*Action item*. Pictures excluded, retype the lines from the one containing "Phó Trưởng Ban" through the last line of the data below, both included.

*Exercise data*.
[Start of Attachment]

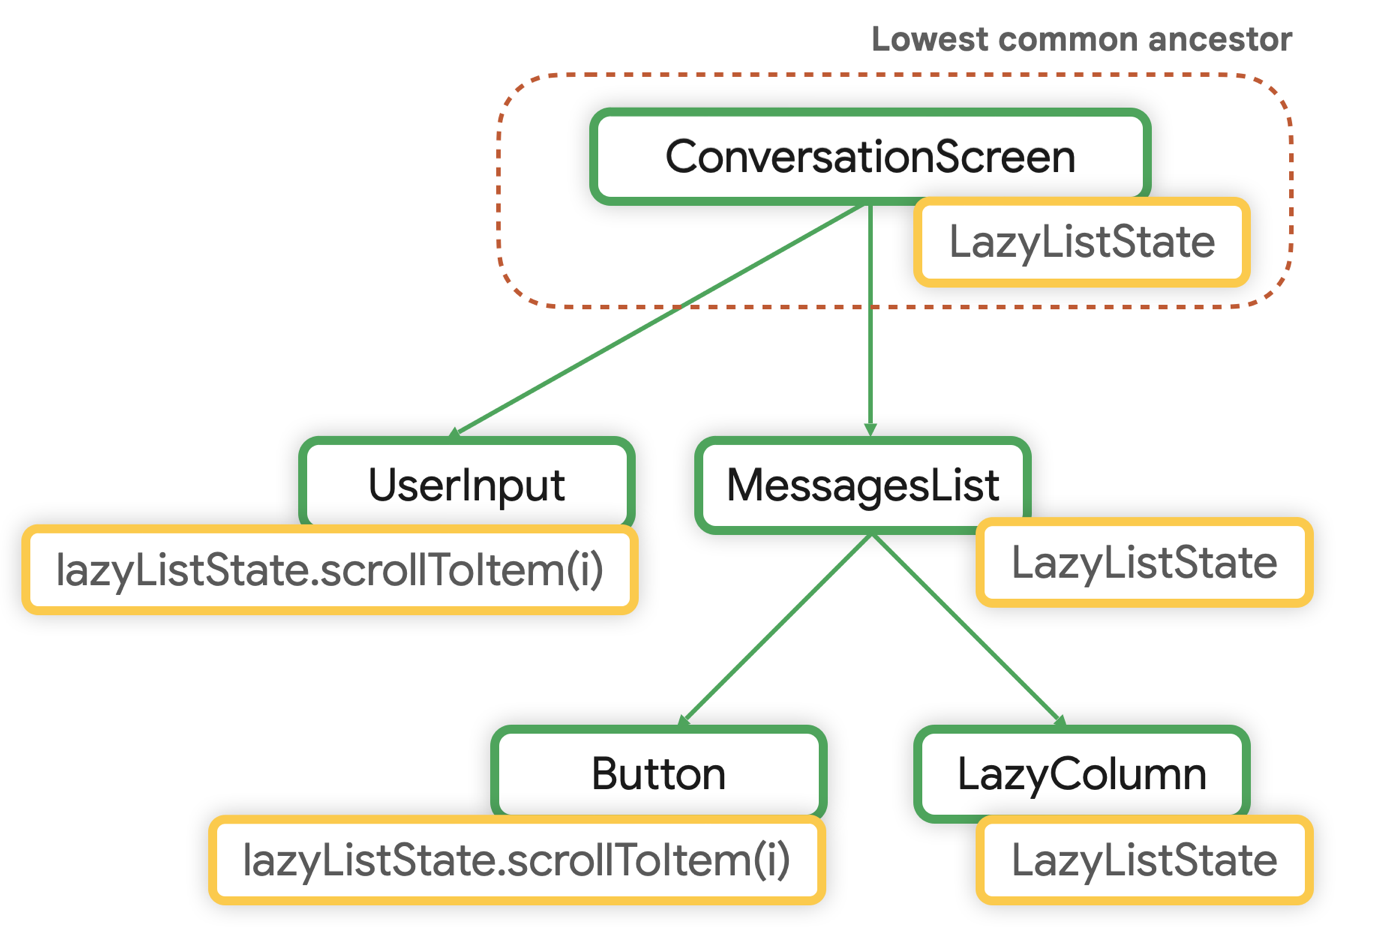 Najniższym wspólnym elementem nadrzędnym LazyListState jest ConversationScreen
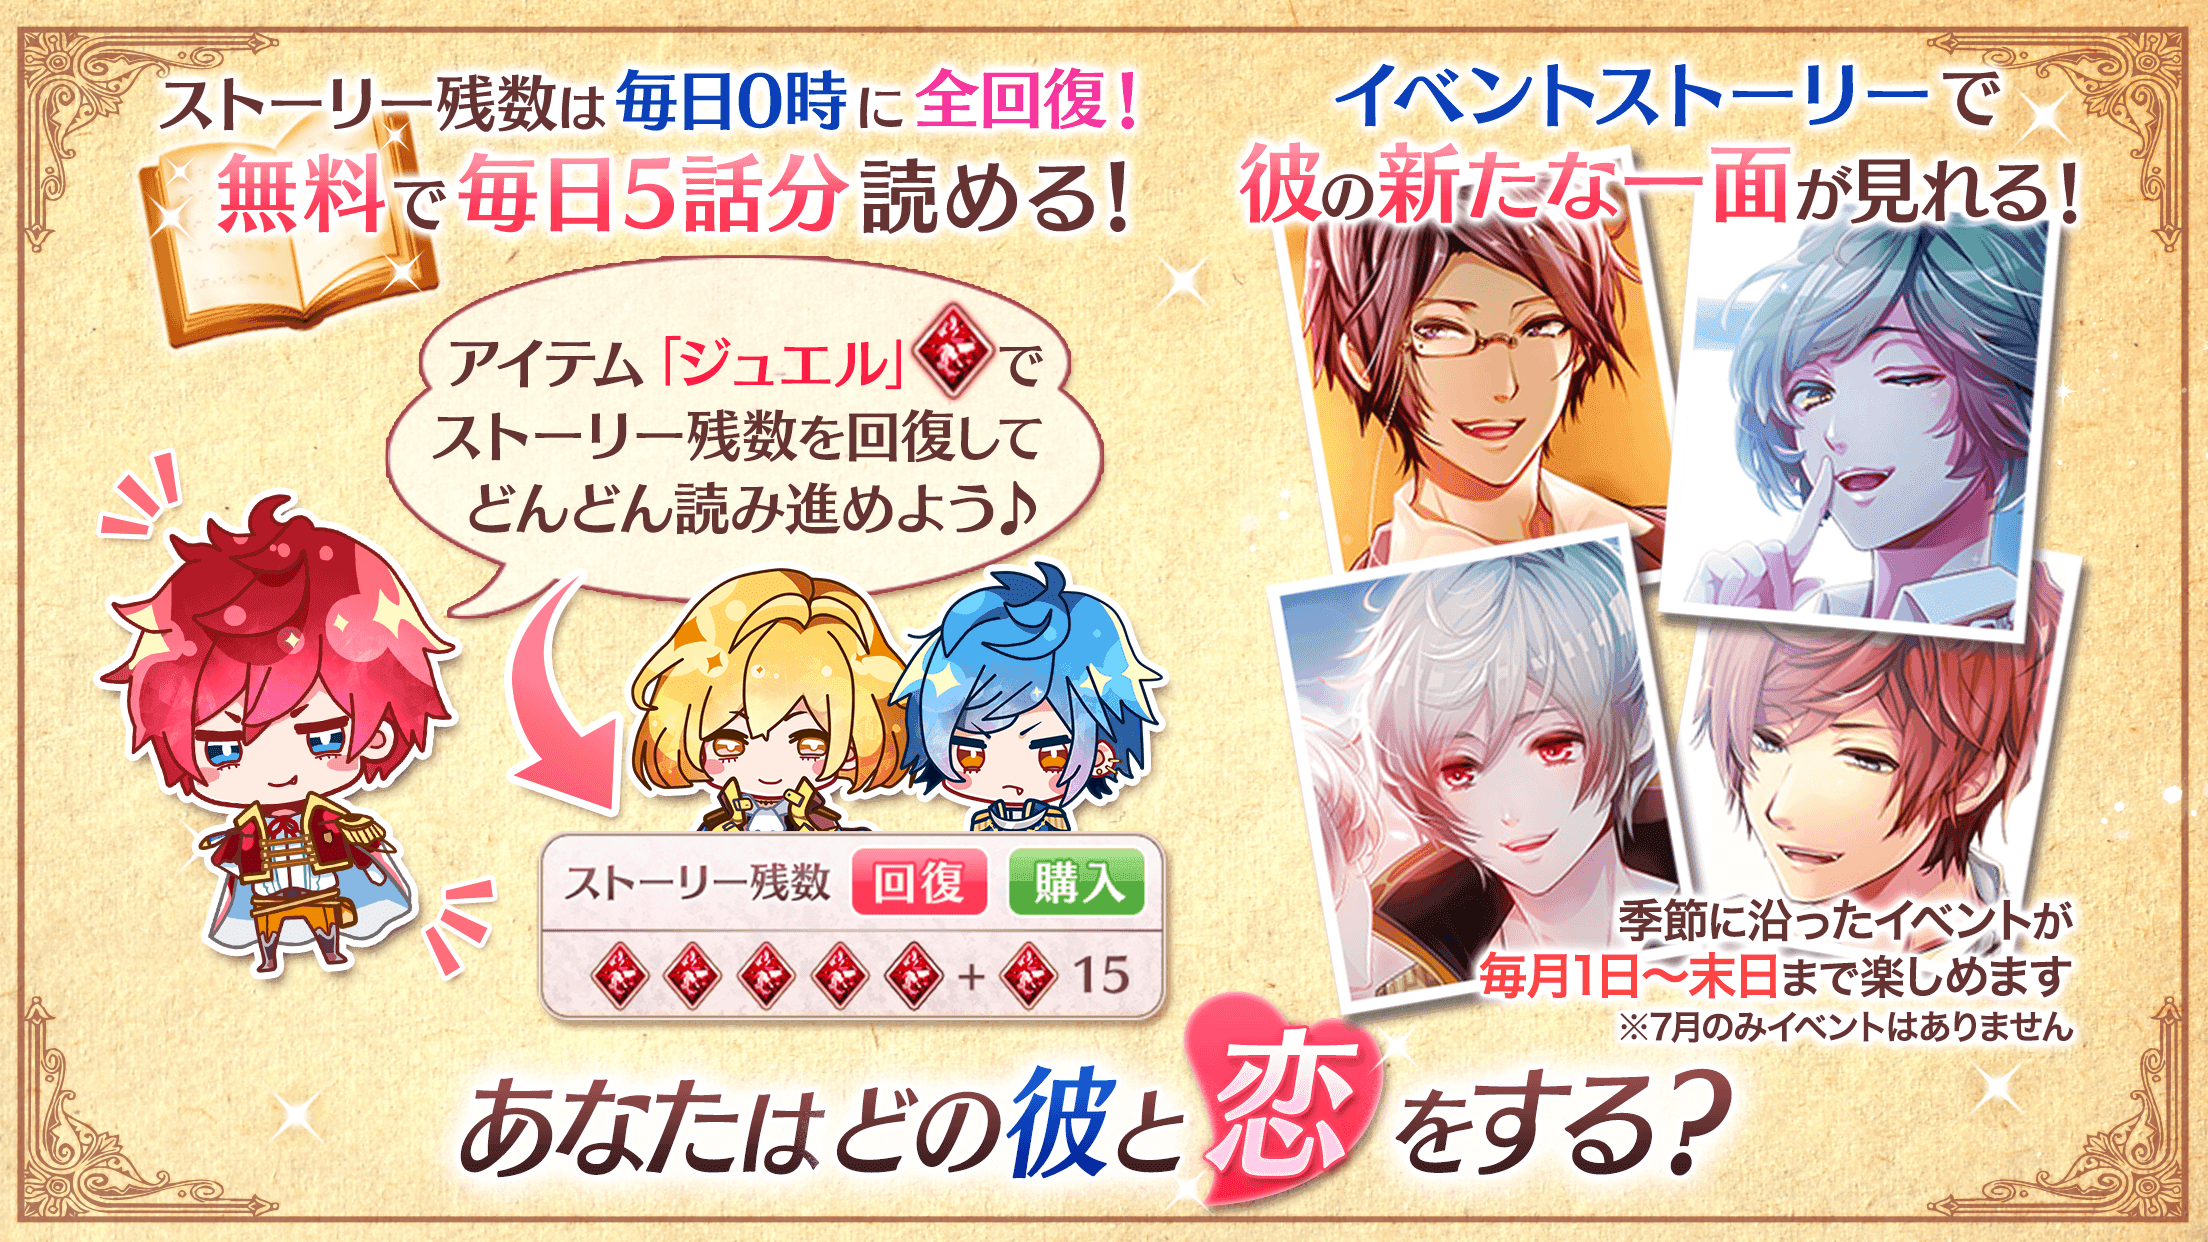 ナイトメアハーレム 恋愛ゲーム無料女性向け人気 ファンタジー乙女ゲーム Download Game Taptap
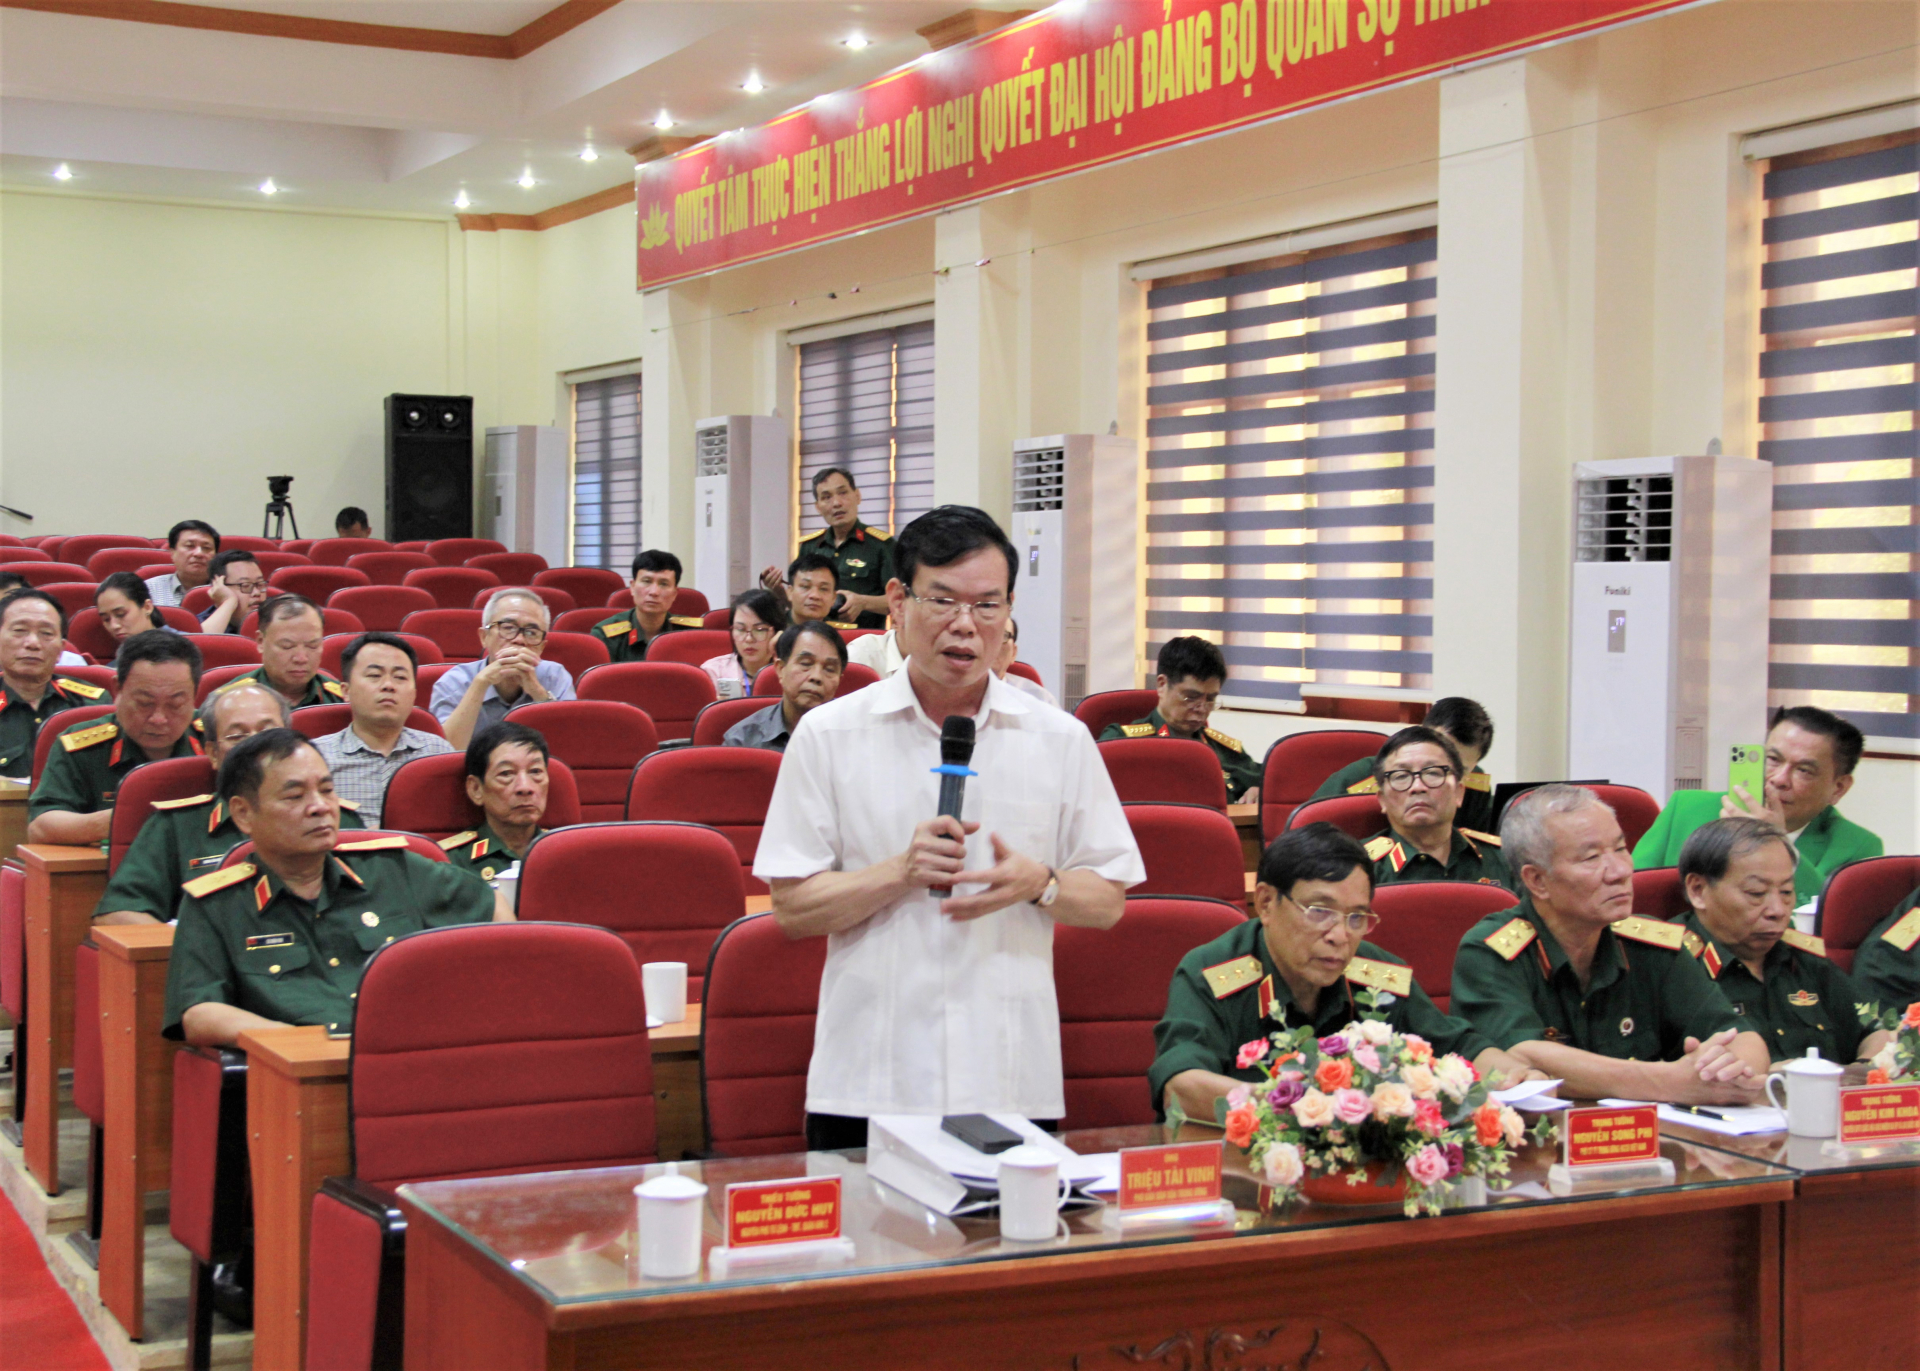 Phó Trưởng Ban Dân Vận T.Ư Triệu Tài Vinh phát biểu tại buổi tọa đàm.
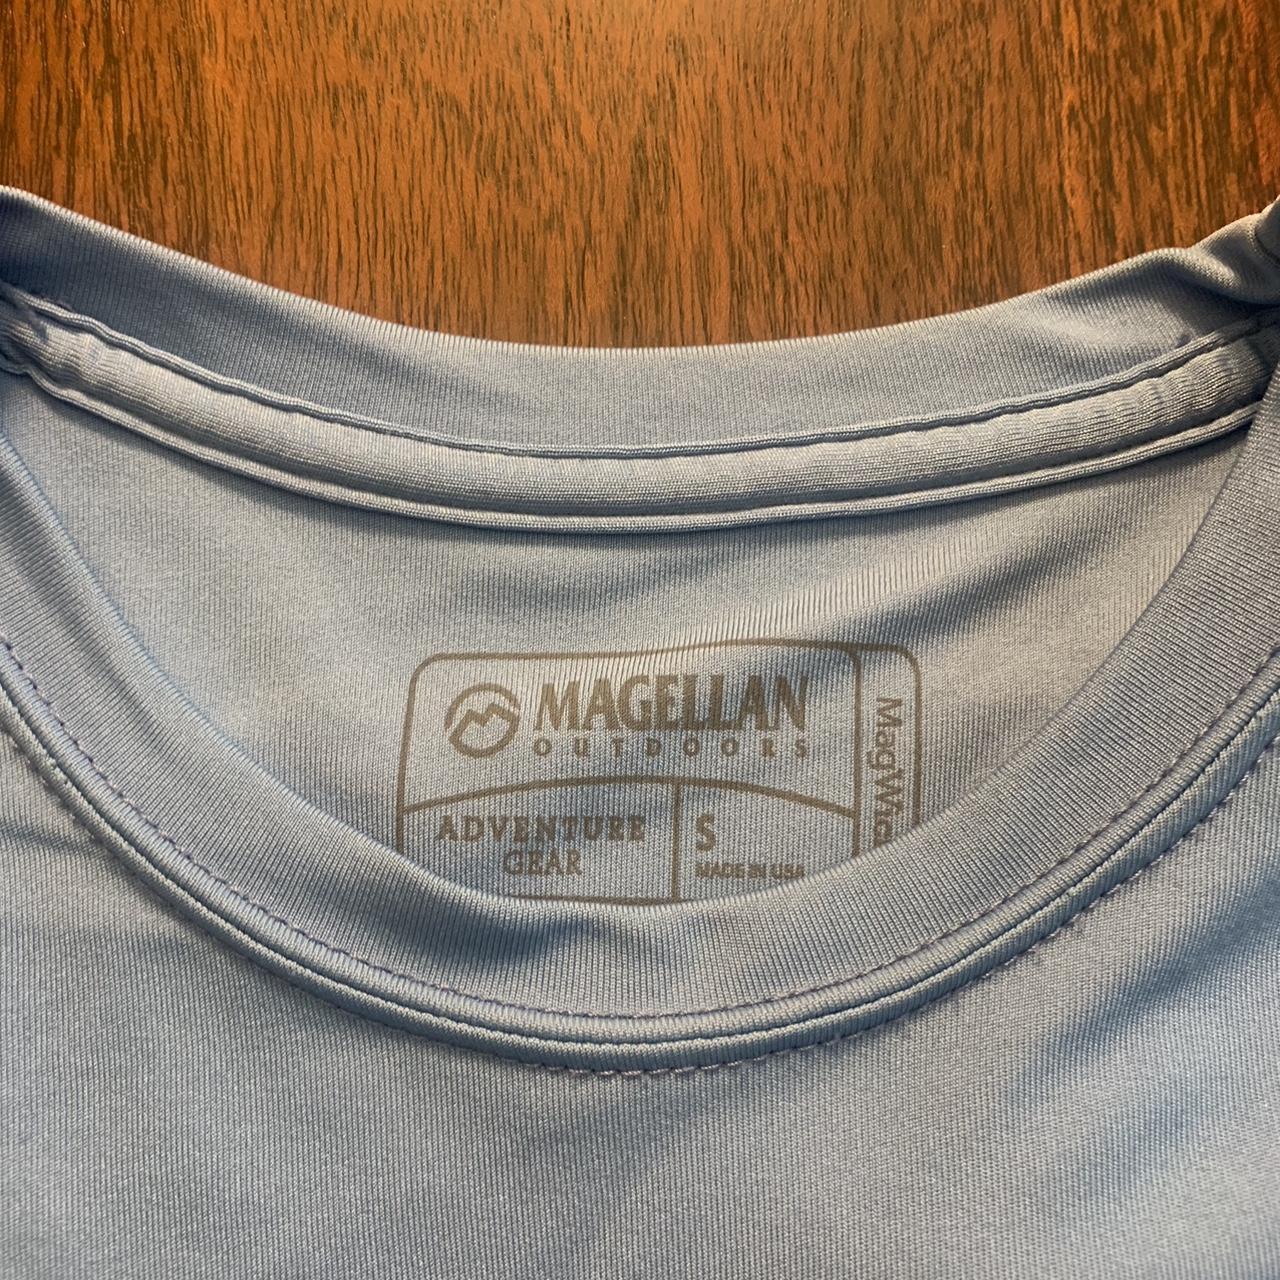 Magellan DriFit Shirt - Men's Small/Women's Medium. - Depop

[End of Attachment]

*Result*.
 Phó Trưởng Ban Dân Vận T.Ư Triệu Tài Vinh phát biểu tại buổi tọa đàm.
 Magellan DriFit Shirt - Men's Small/Women's Medium. - Depop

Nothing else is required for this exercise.